[7] The reader will be entertained, no doubt, by a specimen or two:—
“An outcast e’en in hell, and order’d thence,
The skulking Peter hides,” &c.
“Mr. Bache,—You will excuse me for expressing my regret on seeing a character who styles himself Peter Porcupine so often noticed in your paper. What have the people of the United States to do with this man?… What importance can a British sergeant-major acquire in this country by traducing the heroes and counsellors of our late revolution?… His pamphlets are a libel upon common decency and common sense.… Is such a man worthy of being noticed in your paper, Mr. Bache? The best and only way would be to treat him with a silent contempt.”
“Anecdote of Peter Porcupine.—The British renegado was met one day by a French gentleman, who asked him if he was not Peter Porcupine. The question disordered the nerves of this assassin exceedingly, and with trembling accent he declared he was not. The French gentleman told him he doubted him; however, said he, ‘I will whip you, and you whip Peter Porcupine;’ and he horsewhipped him severely. This must have been trifling as to its effect upon Peter’s back, who had been used to a cat-o’-nine-tails when he served in the ranks in the British army, and before he deserted, &c.”
“Such a contemptible wretch as Peter Porcupine, who never gave any specimen of his philosophy, but in bearing with Christian patience a severe whipping at the public post, &c.”
“The infamous Peter Porcupine, whose life has been one continued series of disgraceful crimes.”

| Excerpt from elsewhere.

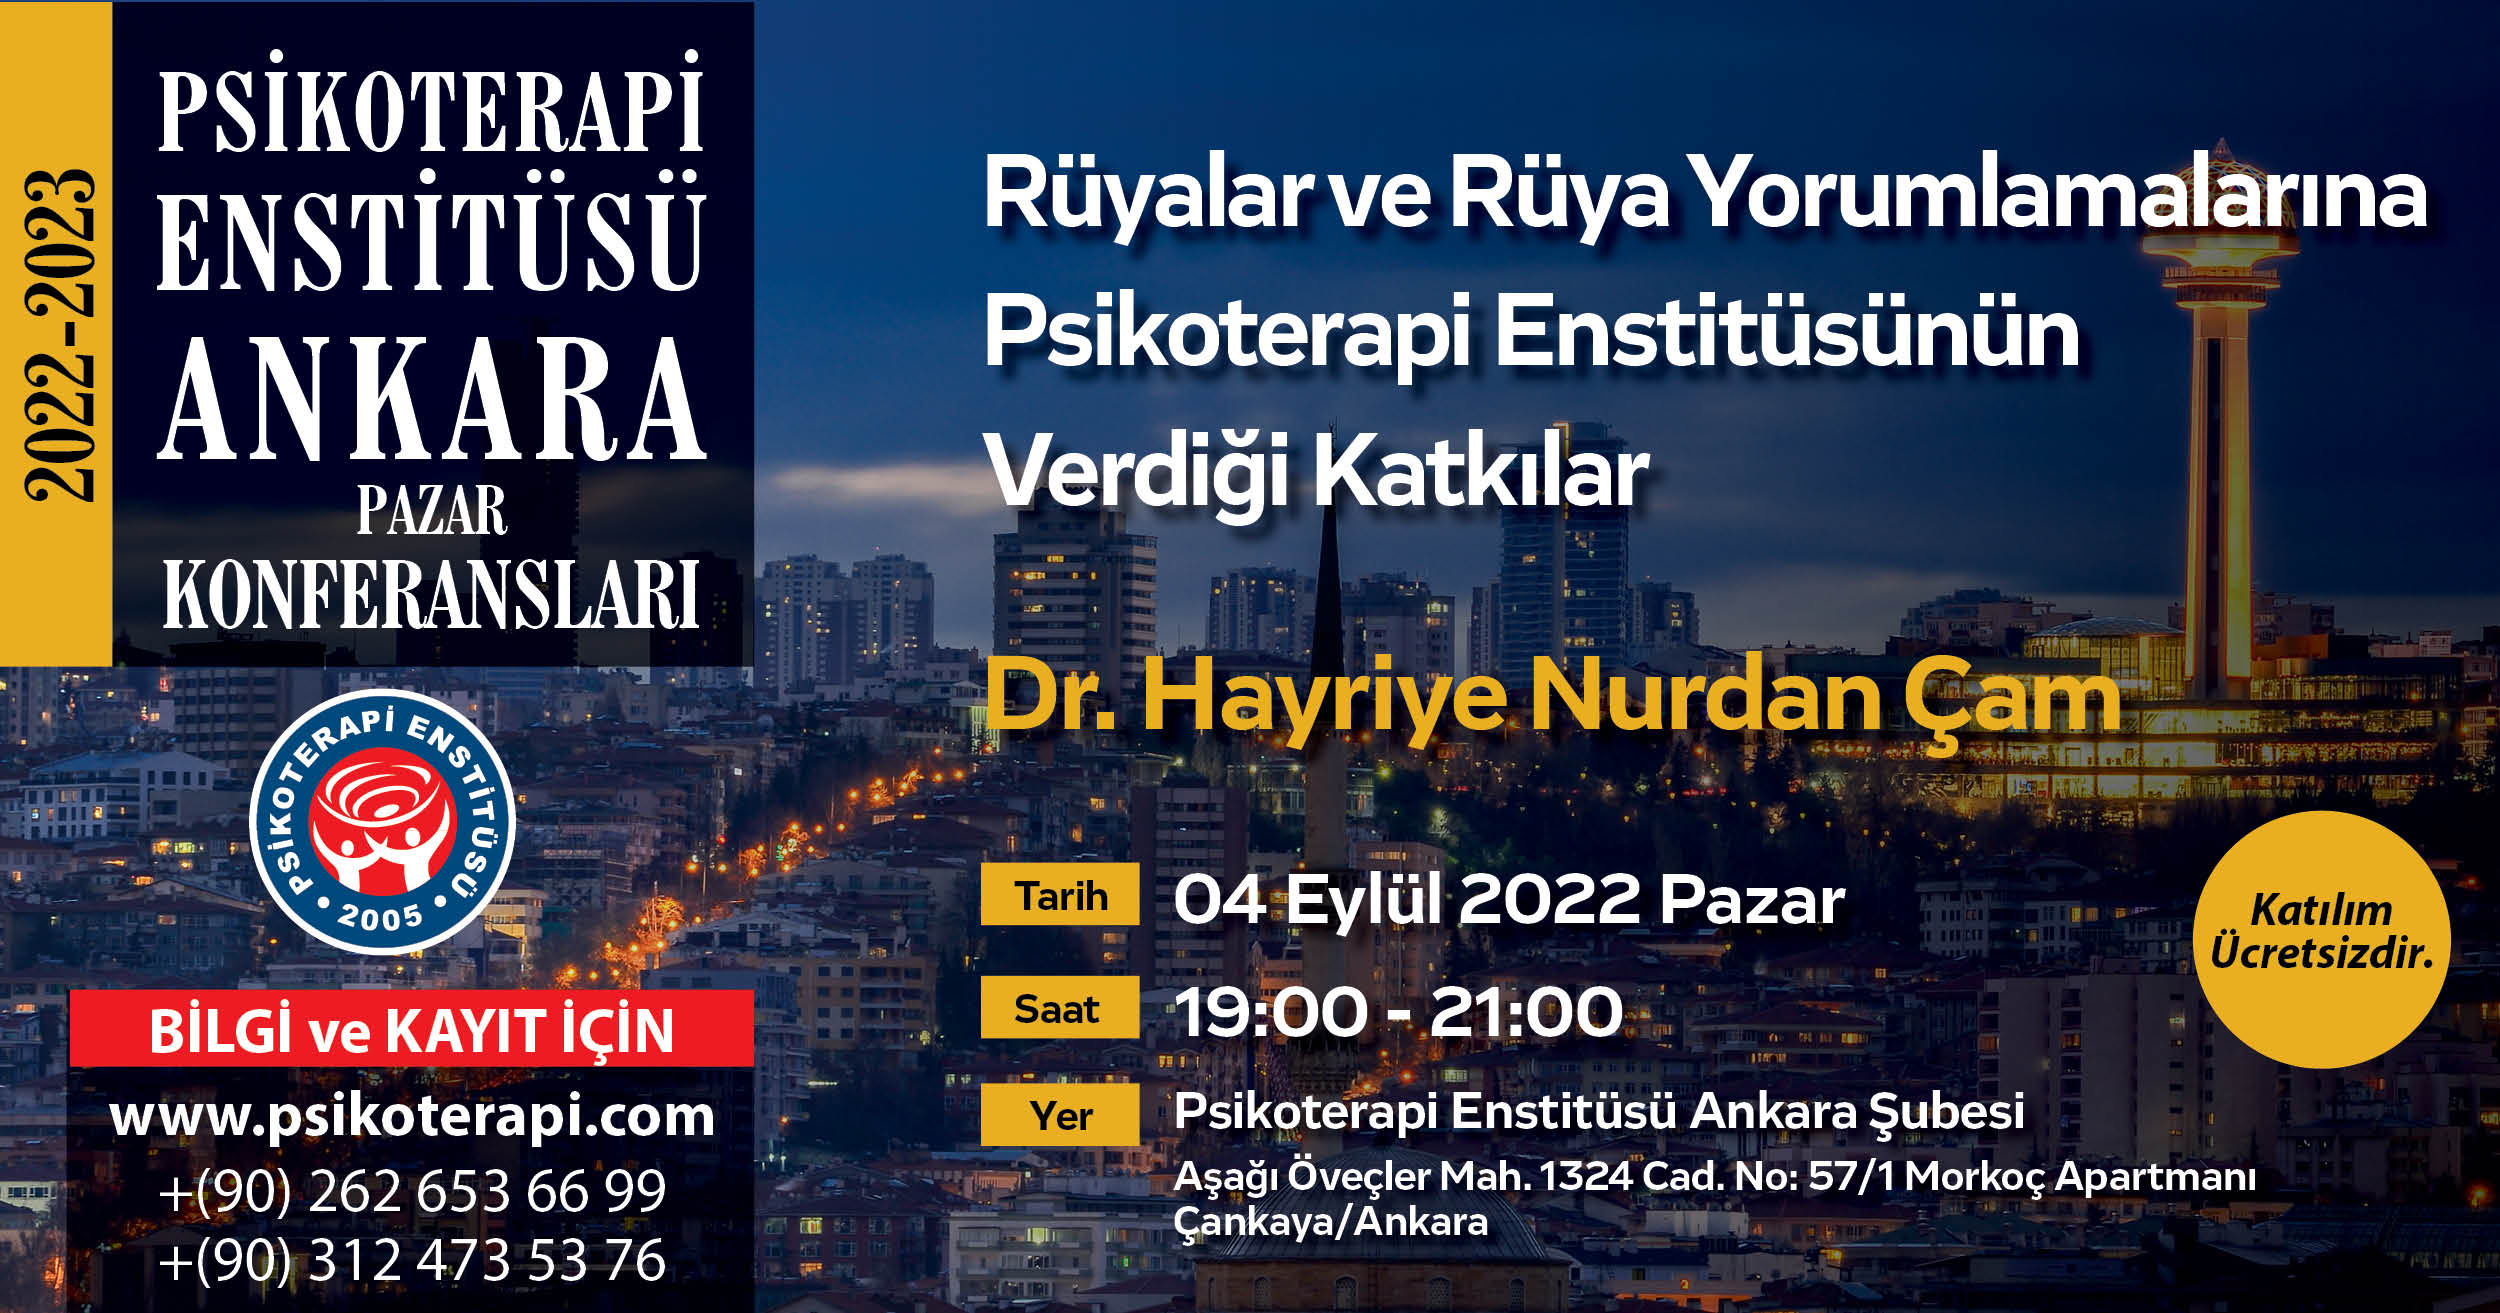 Dr. Hayriye Nurdan Çam- "Rüyalar ve Rüya Yorumlamalarına Psikoterapi Enstitüsünün Verdiği Katkılar"
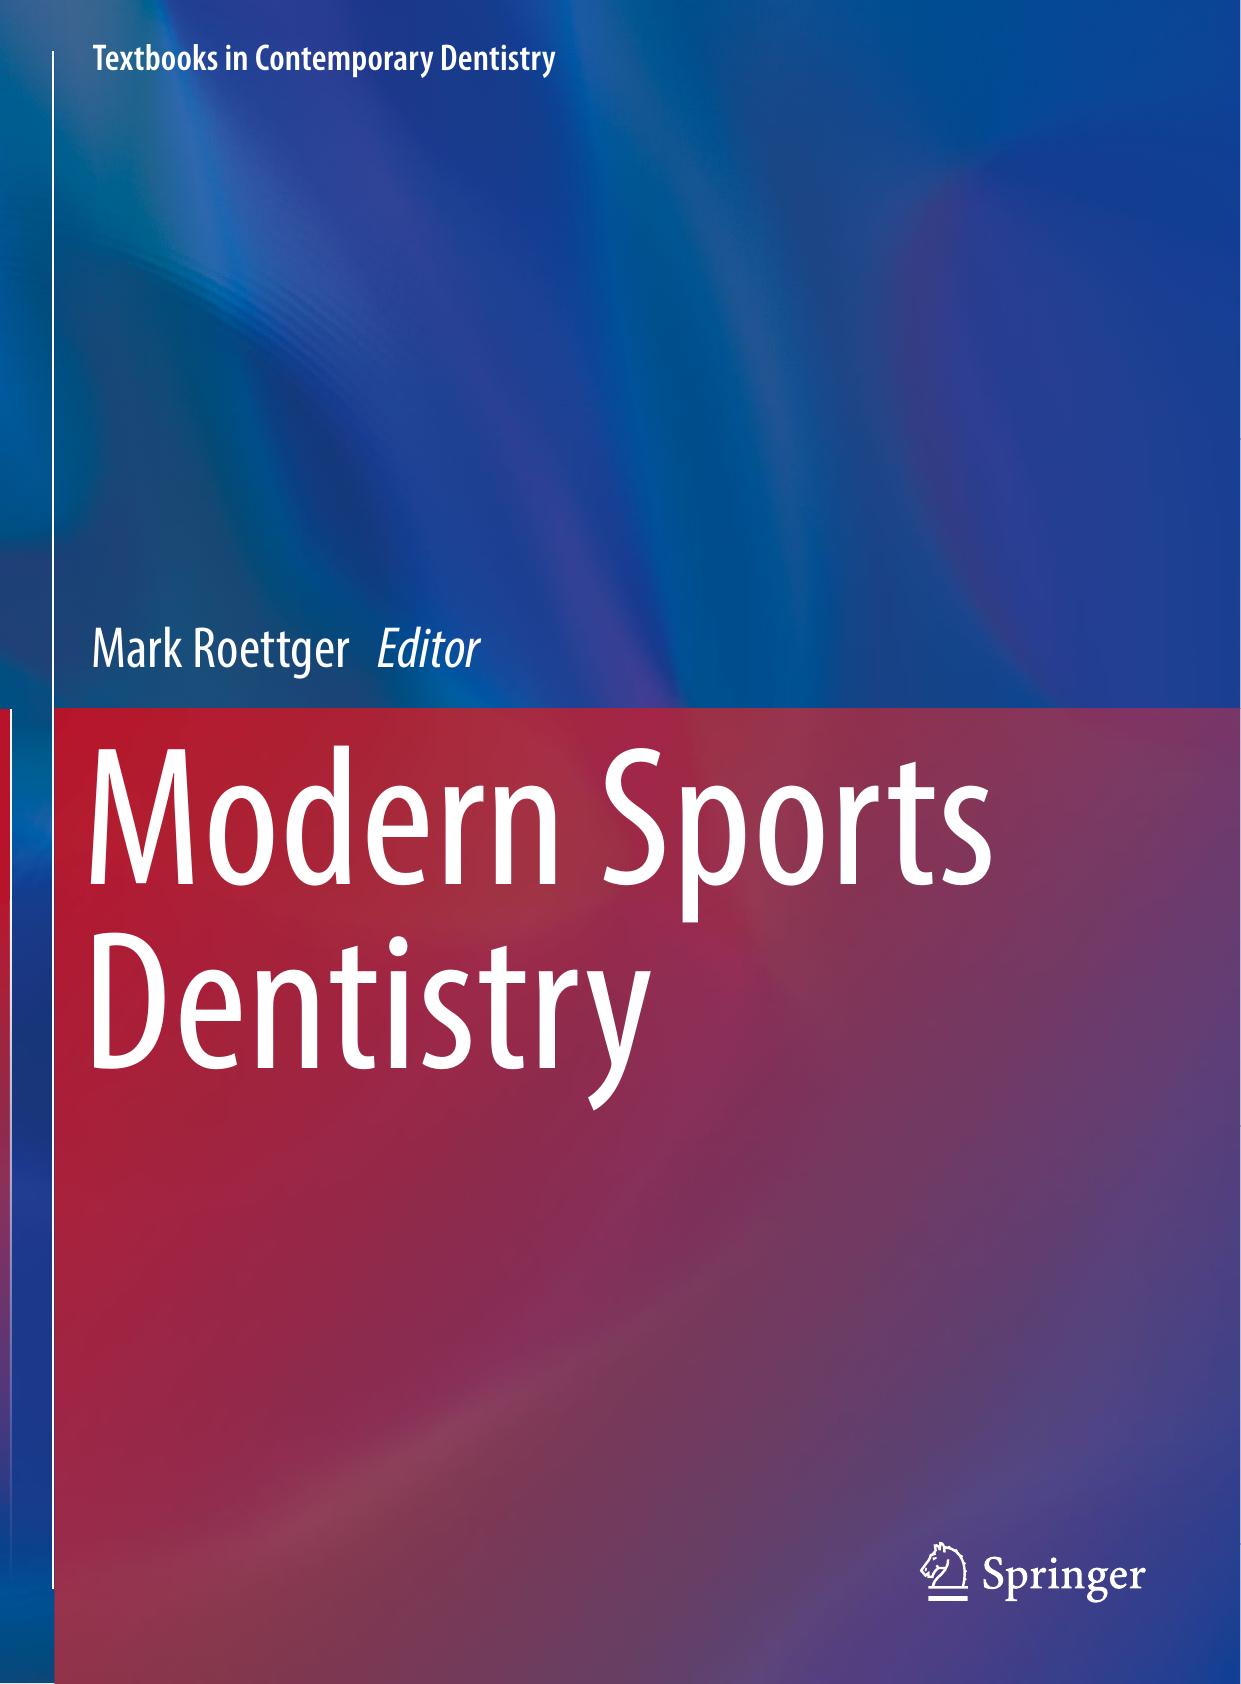 Modern Sports Dentistry 2018

But the most outrageous piece of “sarcasm” was this: the Aurora of Sept. 13th inserted a pretended communication from Cobbett, in the following terms:—“Whereas it has been falsely asserted in the Aurora that I had suffered the lash for certain misdemeanours, I beg leave, through the same channel, to deny the assertion, and to invite those who may still be tempted to place confidence in the calumnies of my enemies to favour me with a visit at any time between nine in the morning and one in the afternoon, or from three to six in the evening, when I shall be able to afford them ocular demonstration that the charge is unfounded, and to prove Mr. Bache’s correspondent a liar.—(Signed) P. Porcupine.” The next evening, in Fenno’s Gazette, appears the following, evidently to show merely that Cobbett has seen the above, and affects contempt for it:—“Mr. Fenno,—I see that poor Richard’s grandchild published a notice yesterday morning, signed Peter Porcupine. Pray, sir, inform your readers that this wayward splinter from old lightning-rod never published an advertisement for me, and never will.—I am, &c., Peter Porcupine.” Mr. Bache, however, thinks he has started too good a joke, and proceeds, in his paper of the 16th, to inform his readers that “Peter Porcupine’s levée yesterday and the day before, it is said, was more crowded than that of the President’s generally is. All his visitors, however, are not satisfied with the proofs he has exhibited of his never having been scourged à la militaire; some indeed appear to be fully convinced that his skin is absolutely whole. Some pretend to have perceived on his back slight transversal marks, which they think resemble old scars; but he assures that, if any such are to be observed, they must have been the effects of the trifling flagellation he received in this city from the Frenchman. His considering that accident as a trifle strengthens the belief that he speaks from experience and by comparison. Others of his visitors cannot see the marks observed by the first; but, in the stubborn spirit of determined unbelievers, declare that they have heard of a chemical preparation which, by persevering application, will remove the largest scars, and they maliciously surmise that Peter Porcupine must be in possession of the secret.”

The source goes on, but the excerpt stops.